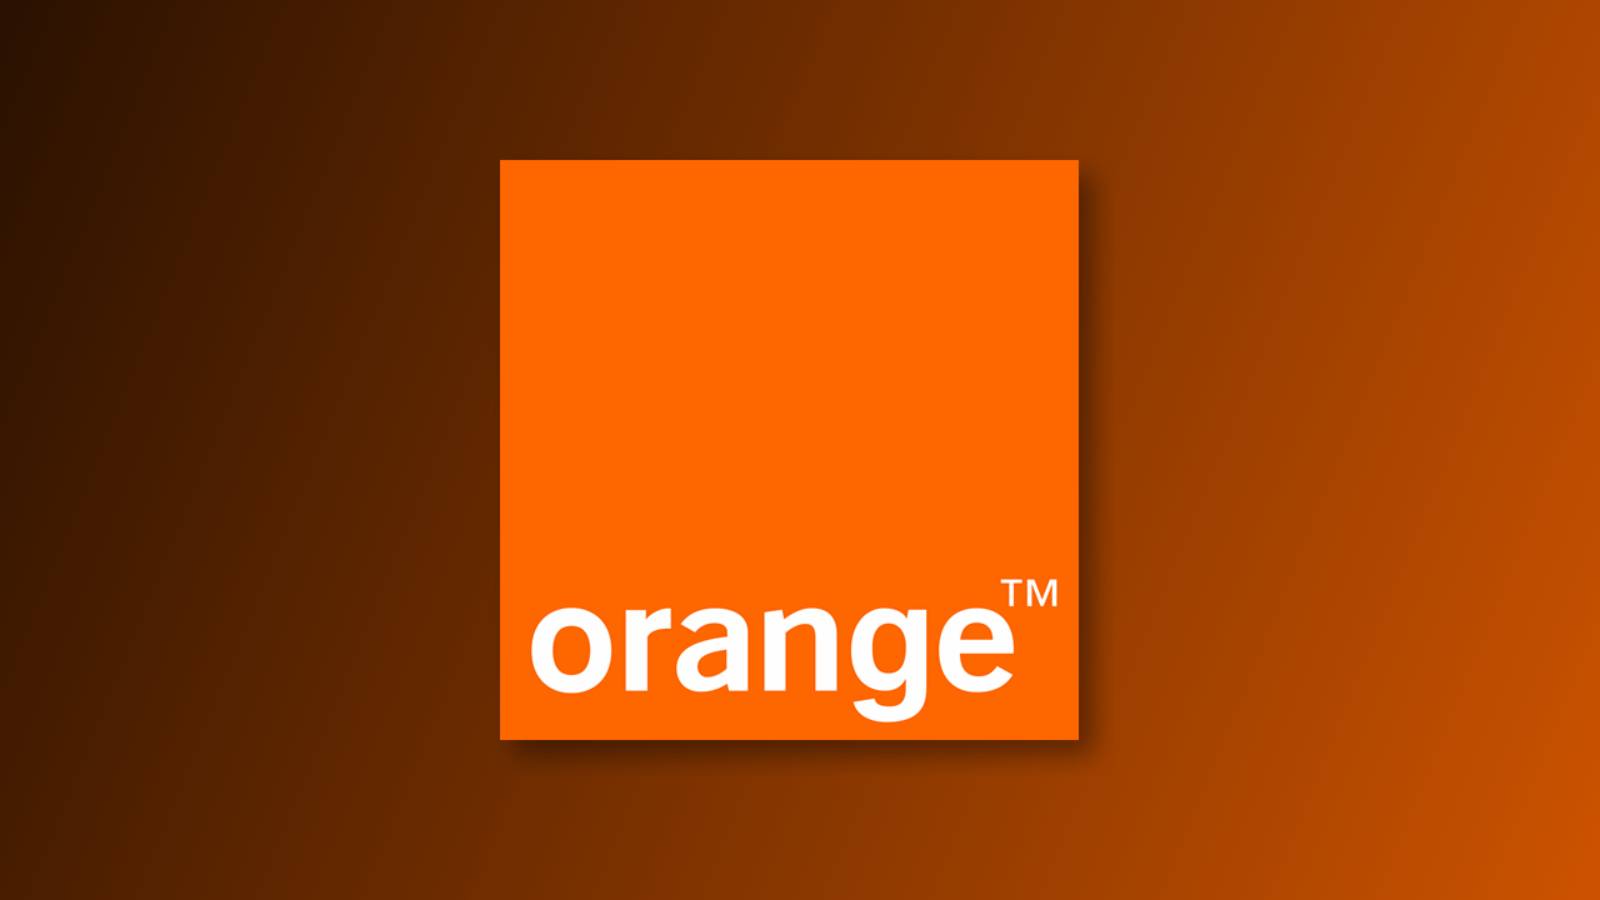 Orange antena
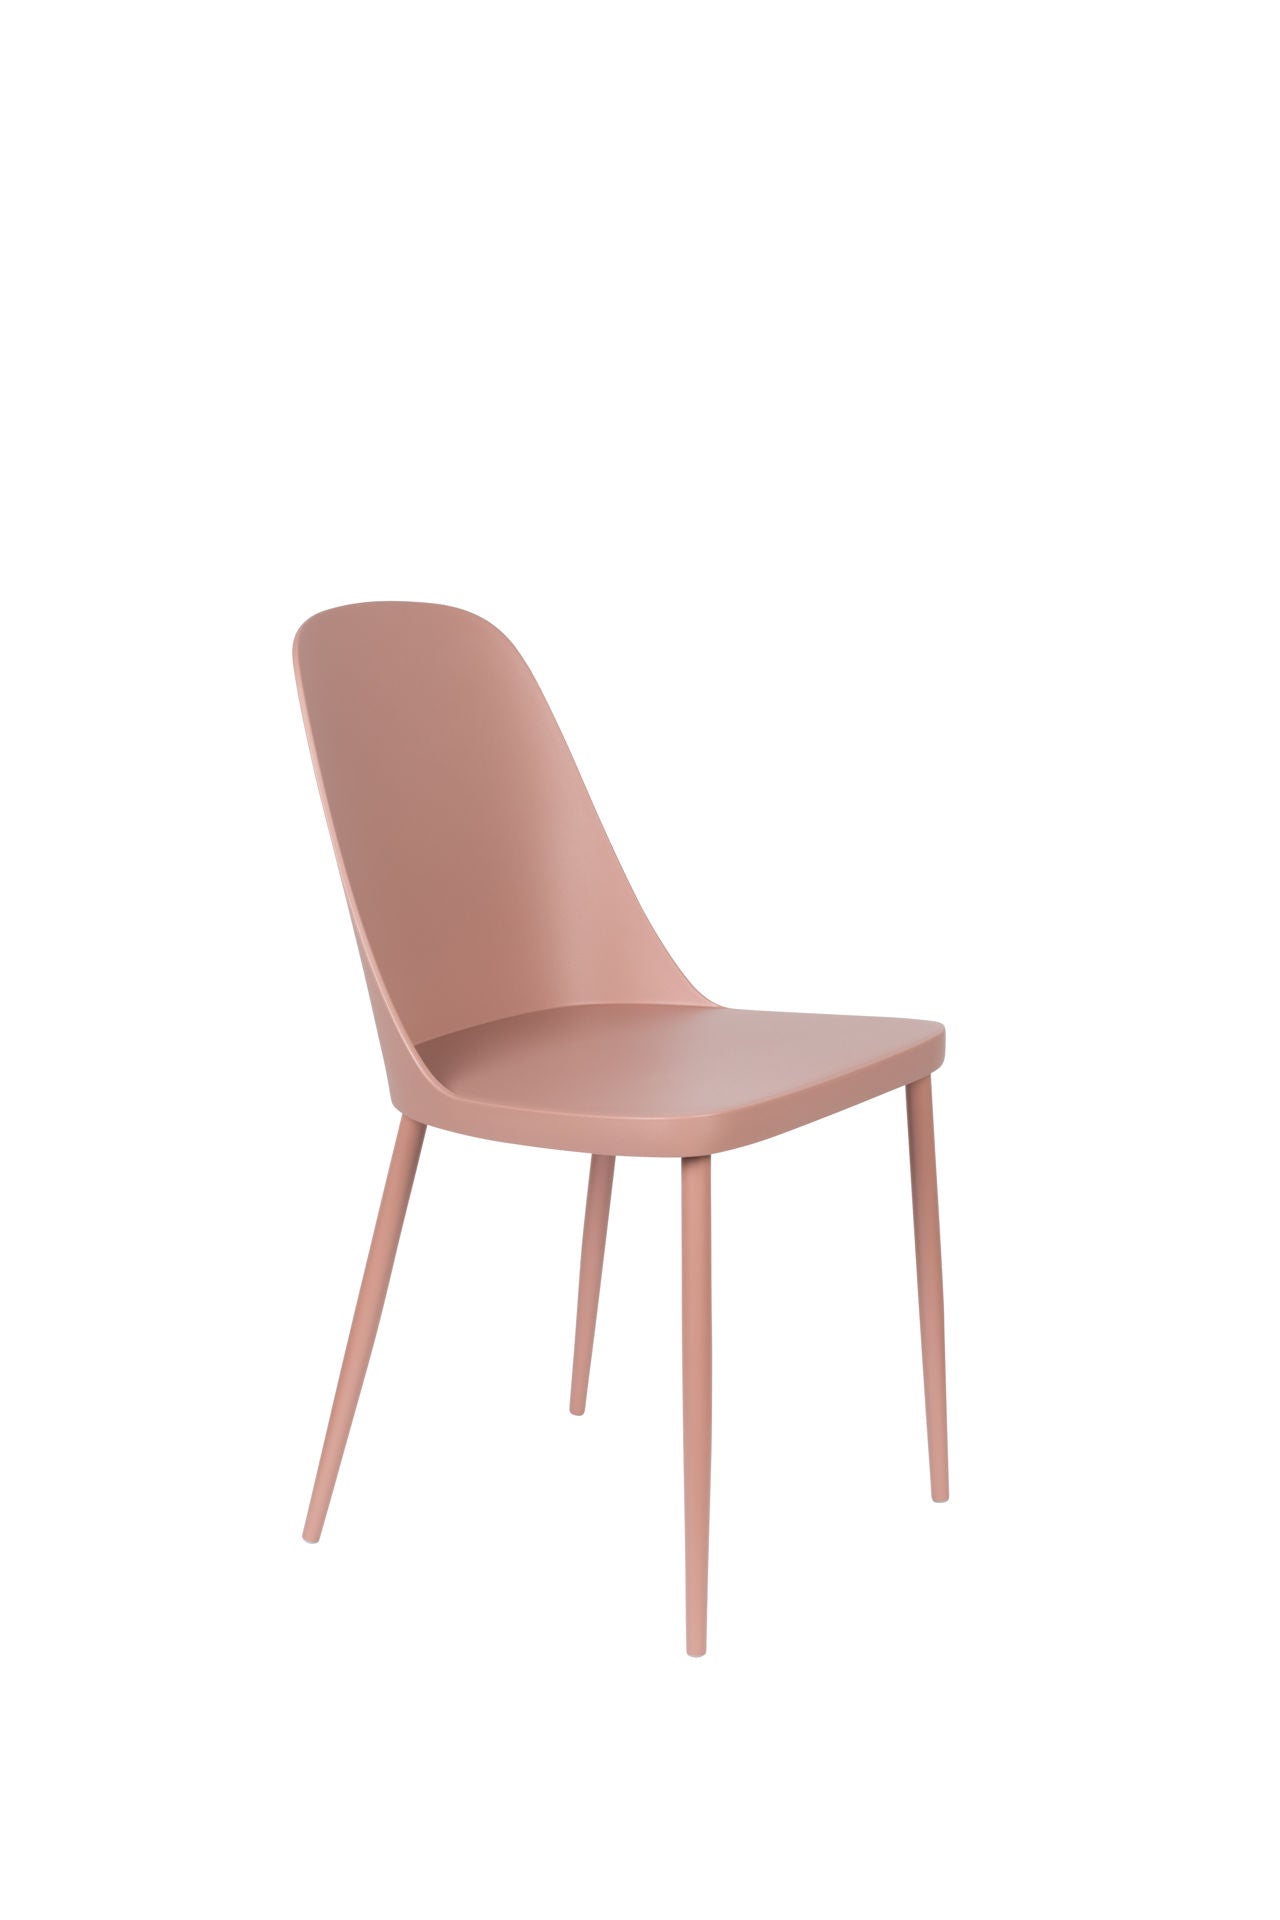 Nancy's Scott Chair - Scandinave - Rose - Polypropylène, Acier - 53,5 cm x 46 cm x 85 cm
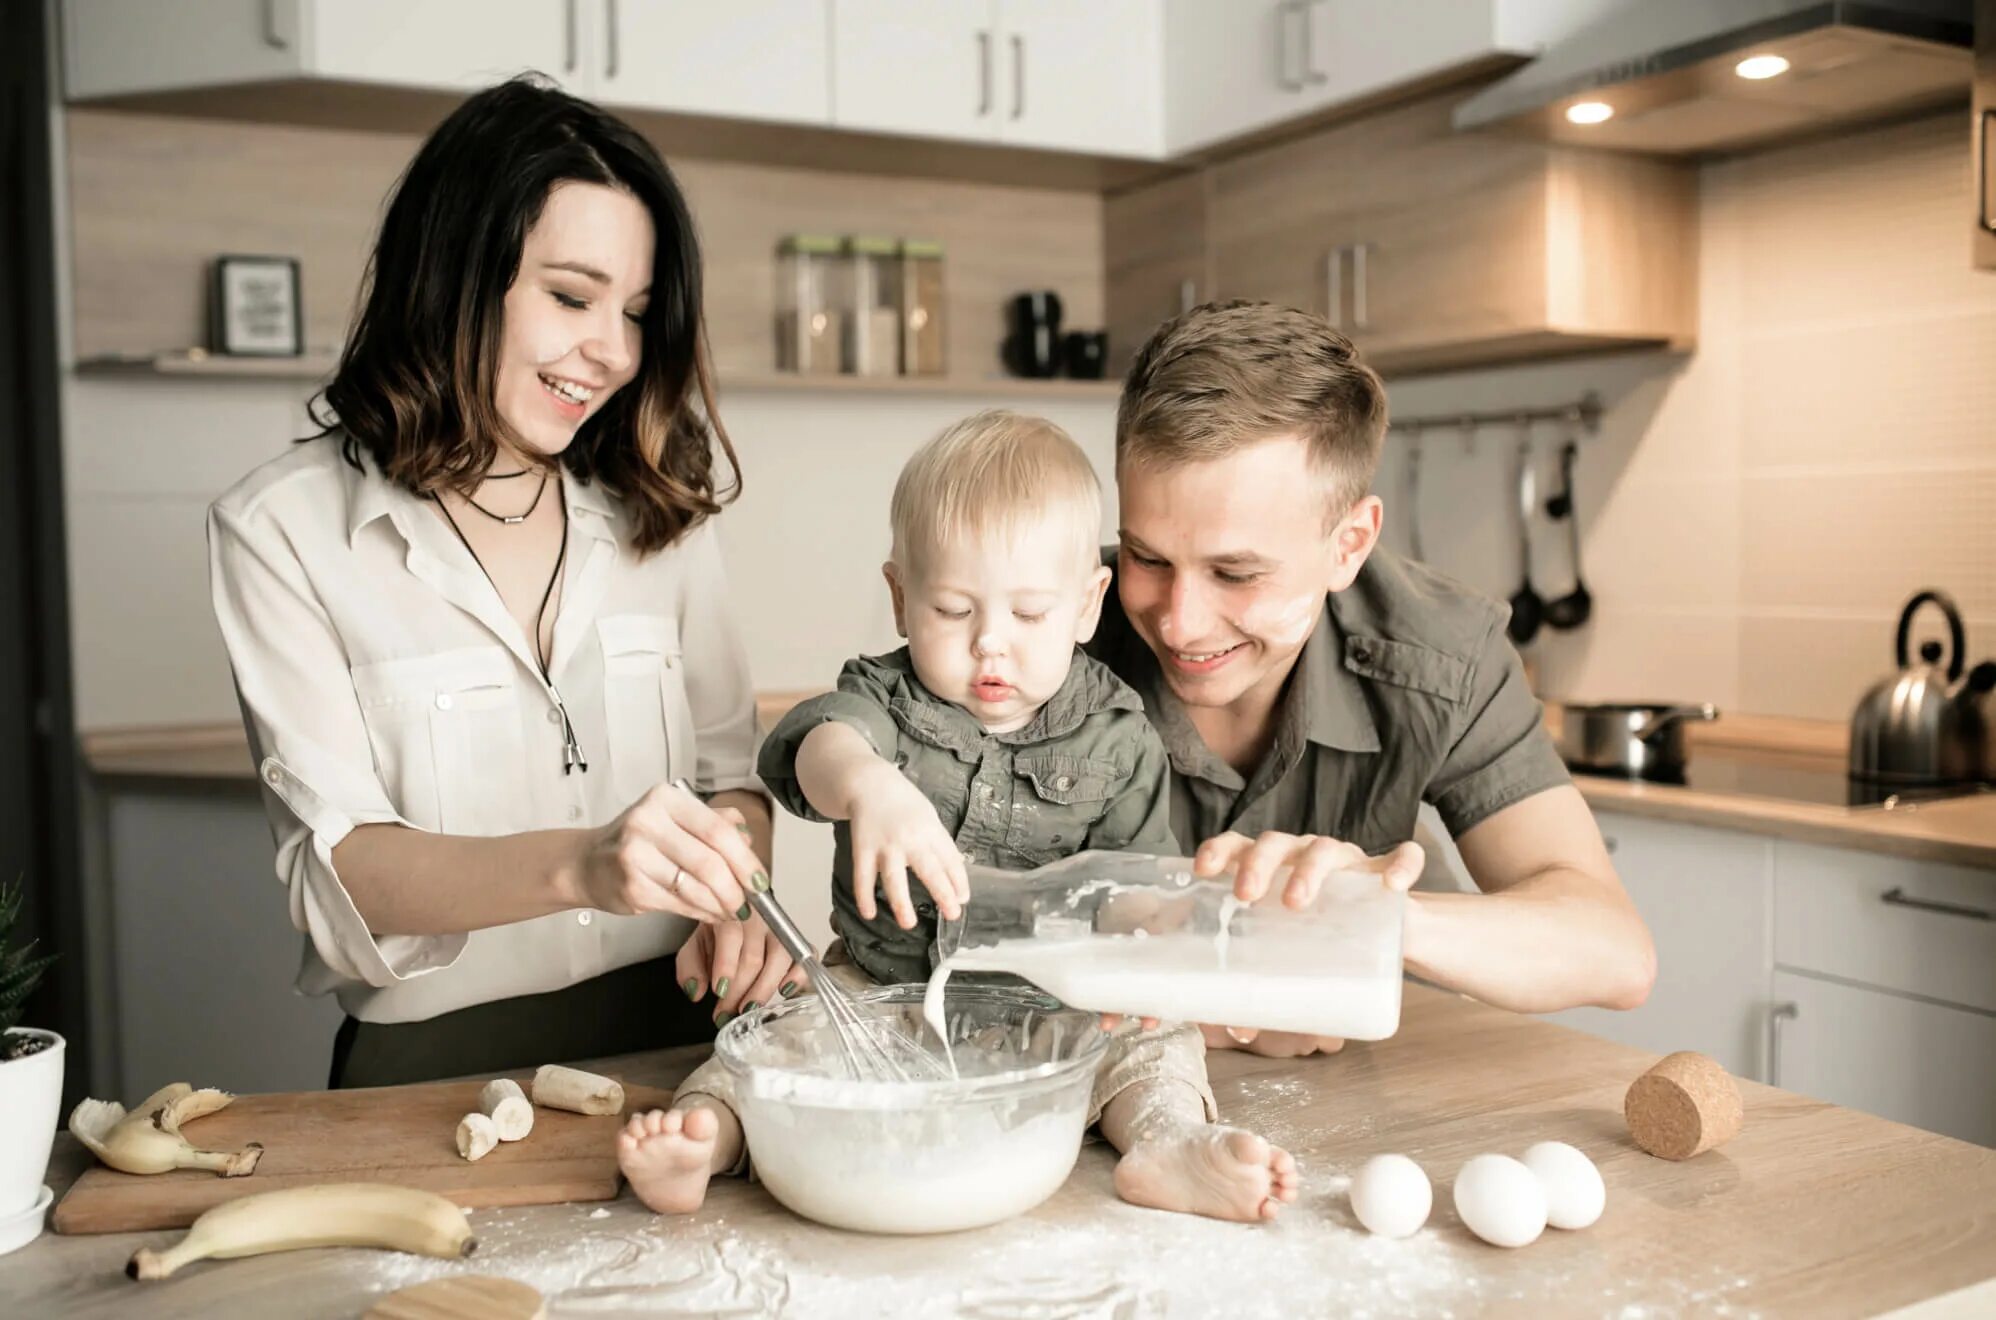 Семья на кухне. Семья с детьми на кухне. Семья на современной кухне. Фотосессия на кухне. Приходит сын на кухню

WHAT TO WORK ON:
Leave out the pictures and give the listing above again exactly.

WRITTEN SOLUTION:
 Orange antena
 Nancy's Scott Chair - Scandinave - Rose - Polypropylène, Acier - 53,5 cm x 46 cm x 85 cm
 Семья на кухне. Семья с детьми на кухне. Семья на современной кухне. Фотосессия на кухне. Приходит сын на кухню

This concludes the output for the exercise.